Christopher Clark développe magistralement (en particulier page 293) la frustration et le sentiment de danger qui agitent l’Autriche-Hongrie, non seulement du fait des Serbes, mais également par la consolidation de la Roumanie. Vienne n’arrive pas d’autre part à prendre le sandjak de Novi Pazar (ou Novibazar), du fait de l’opposition farouche de Poincaré (page 302), minuscule territoire où elle avait fait stationner des troupes de 1878 à 1908.

Le souhait austro-hongrois d’en découdre dès la fin de 1912 et en 1913 se traduit par la rédaction d’un télégramme pour le roi du Monténégro, texte qui ne sera pas envoyé car Nikola, sentant le danger, vient de retirer ses troupes et adresse un ultimatum à la Serbie afin qu’elle quitte certaines régions albanophones qu’elle vient d’occuper. Vienne fit intervenir sa diplomatie et cela déboucha (avec l’appui de l’Italie, alors son alliée et concurrente) sur la création de l’Albanie indépendante, laissant aux mains de la Serbie nombre de villages albanophones au Kosovo et en Macédoine. Trois cartes pages 258 et 259 montrent bien les frontières de 1912, les lignes de cessez-le-feu au 13 avril 1913, les frontières telles qu’elles sont à l’été 1914.

L’ouvrage rappelle que Raymond Poincaré, entre janvier 1912 et janvier 1913, est président du conseil, juste après que Joseph Caillaux ait réglé avantageusement pour la France la crise du Maroc, découlant du Coup d’Agadir. Il met en exergue certaines actions qu’il mena soit dans cette fonction, soit dans celle de président de la République. L’Autriche-Hongrie le considère à juste titre comme farouchement opposé à ses actions dans les Balkans, et l’Allemagne a vu en lui un belliciste avec sa vigoureuse action en faveur de la Loi des trois ans. Tout ceci ne serait pourtant rien s’il n’avait assuré, comme président du conseil en novembre 1912, à Sergueï Sazonov, ministre des Affaires étrangères de la Russie en novembre 1912, que la France soutiendrait la Russie si la querelle austro-serbe dégénérait en conflit généralisé (page 301). On est là dans les conséquences de la Première guerre balkanique qui voit la Serbie s’emparer de très larges régions albanophones et donc occuper des ports sur l’Adriatique au grand dam de Vienne. Cependant, cela n’est pas tombé dans l’oreille d’un sourd.

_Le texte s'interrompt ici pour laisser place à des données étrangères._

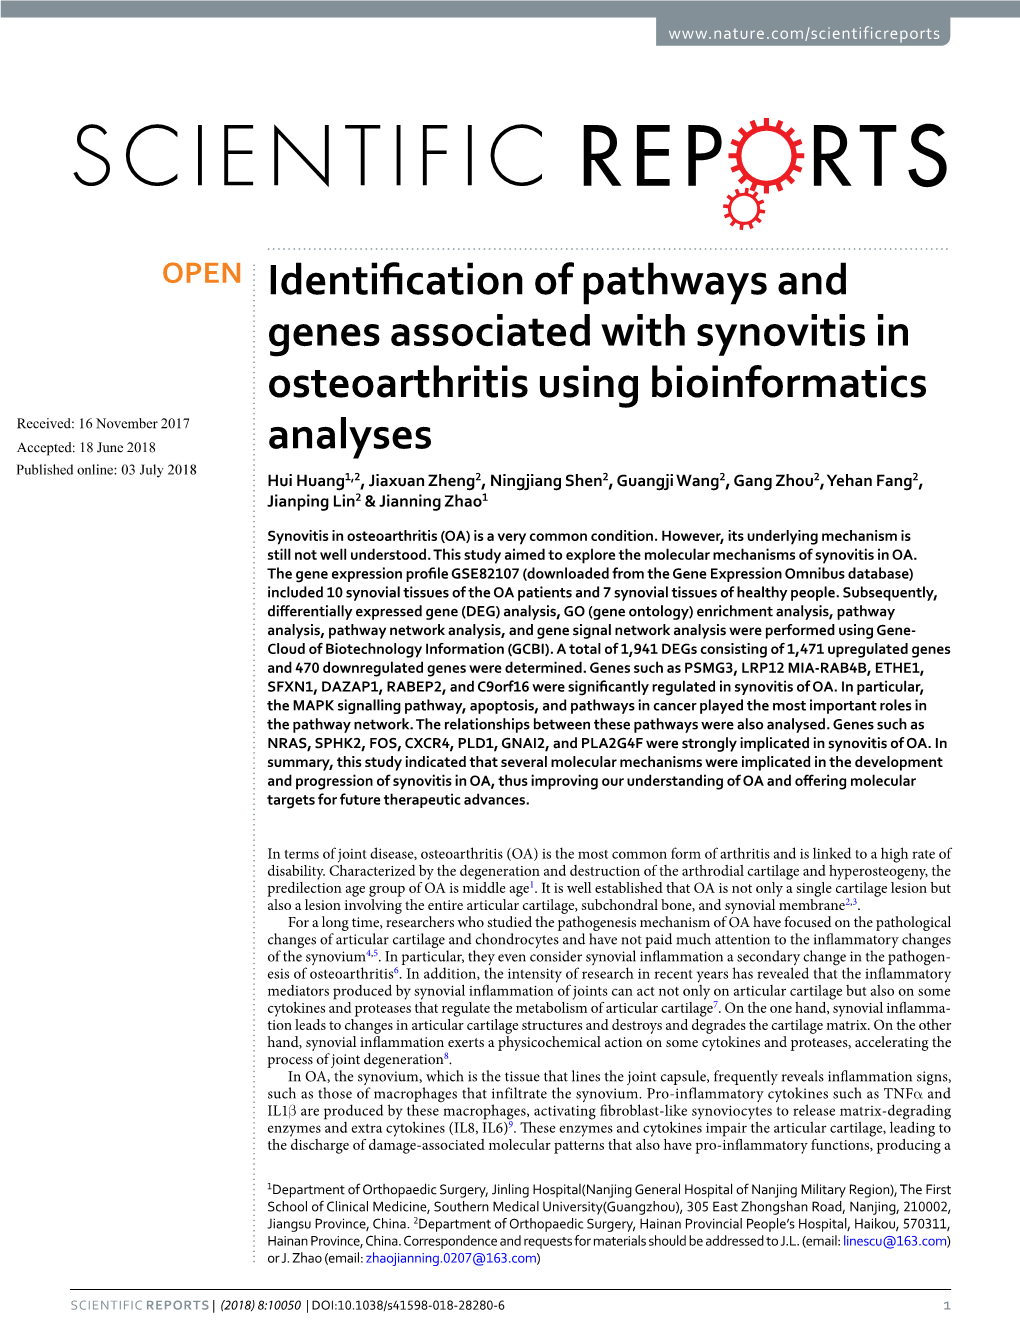 Identification of Pathways and Genes Associated with Synovitis In

De la lecture de cet ouvrage on voit que, si rien n’était écrit d’avance, il fallait que l’Autriche-Hongrie puisse se projeter dans un univers rassurant, et que pour cela, la solution la plus efficace lui paraissait la guerre et non des réformes constitutionnelles faisant une juste place à ses populations et en particulier aux Slaves qui tous réunis étaient plus nombreux qu’Allemands et Hongrois réunis. Petit à petit, une quasi-unanimité se fait sur cet objectif dans les cercles gouvernementaux de la double-monarchie

On est surpris de trouver, page 304, Millerand qualifié de « socialiste respecté », parce que venu du radicalisme; il s’est certes ensuite qualifié de républicain socialiste, mais n’a jamais été au parti socialiste SFIO créé en 1905, et à la fin de la Belle Epoque, il est à classer plus à droite que les radicaux valoisiens. Jean-Louis Rizzo a beaucoup écrit dans Alexandre Millerand: Socialiste discuté, ministre contesté et président déchu sur le respect qu’il a pu inspirer à droite comme à gauche, chez les civils comme chez les militaires, croyants comme laïcs…

Ceci ne doit pas gâcher l’énorme plaisir que l’on a en découvrant pourquoi la Première Guerre mondiale a éclaté du fait non de la situation dans les Balkans, mais de l’aveuglement et du désir d’en découdre de certains homme d’Etat. Rarement un livre n’a offert sur les prémices de la Première Guerre mondiale une vision si claire et si détaillées. Cerise sur le gâteau, un index et des illustrations dans les passages en rapport.